I suggest a much safer play (with probably more yield), if you have a Vanguard account, is to put the money in VMMXX Money Market. No problem spending the more than 2% yield and your principal is pretty much guaranteed – certainly more than the bond fund.
Harry Sit says
Thank you. I will think about it in the next couple of months. The money will be drawn down over 5-10 years. I’m not too concerned about small fluctuations. Over time it should do better than money market. Rebalancing will also make me buy more bonds in tax advantaged accounts as I draw these down in taxable account.
Gordon says
During the time (the last 30 years) that most of us learned everything we think we know about bond funds, the yield on the 30-year Treasury bond declined at a relatively steady 0.25% per year (9/1988-9/2016). This is like a tail wind on the principal side. Has anyone seen a convincing numerical proof of the hypothesis that bond funds won’t lose money (over a reasonable term–5 years say) if 30-year Treasury yields rise at 0.25% per year for the next 10 or 20 years? Of course, it depends upon whether the bond fund in question is short duration or long duration, but assume 6 point something years, like VBTLX, VCOBX, and VBILX. People are still recommending these funds as core “income” positions . Do they truly know what they are talking about, or do they only believe based on what they’ve learned over the course of their lifetimes, when there was always a consistent tailwind? Are we in danger of running out of fuel (i.e., principal) if we encounter a steady headwind?
jim says
I bought that same northwest cd. I’m just gonna roll it into a 3.54% 4 year cd at a local bank.
TJ says
I’ve been thinking about Vanguard Ultra Short Term Bond Fund. Yield is 2.5%, the NAV has been pretty stable. My savings account currently is at 1.8%.
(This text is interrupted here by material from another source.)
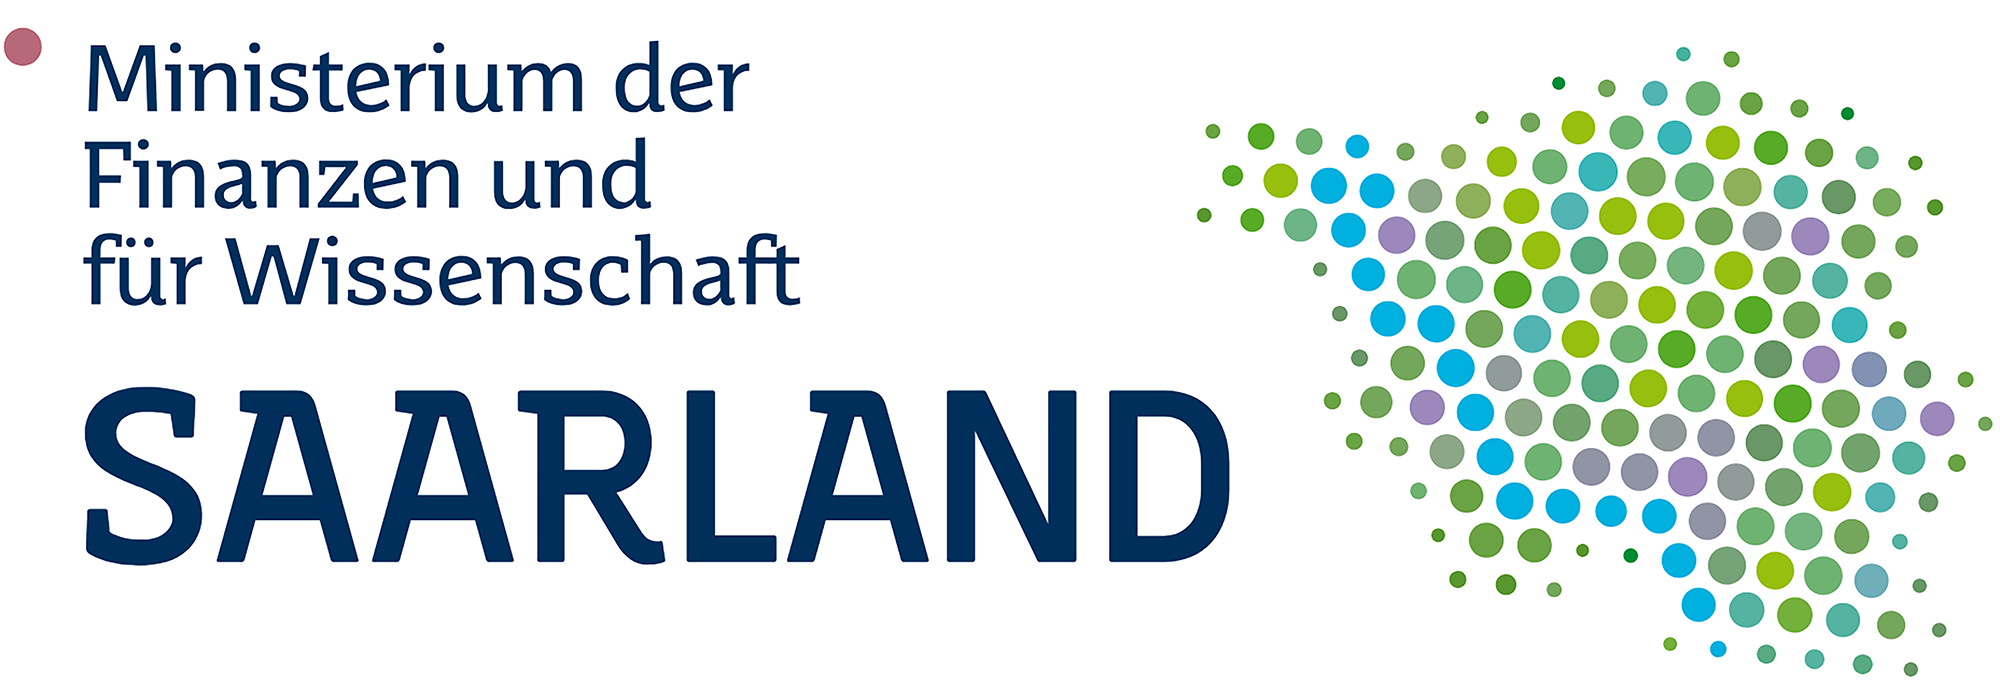 Logo Ministerium der Finanzen und für Wissenschaft Saarland

A couple years ago, the savings account was higher.
FinancialDave says
Each time interest rates kick up, the Bond fund NAV will tick down. Depends on if that matters to you. If you don’t plan to use the money and it’s just going to sit there then the short term bond fund is probably ok, However, the Vanguard Prime money market (VMMXX) is already earning 2.03% as of last month and every time rates “kick up” your dividend will go up and you will not have a “kick down” in your principal.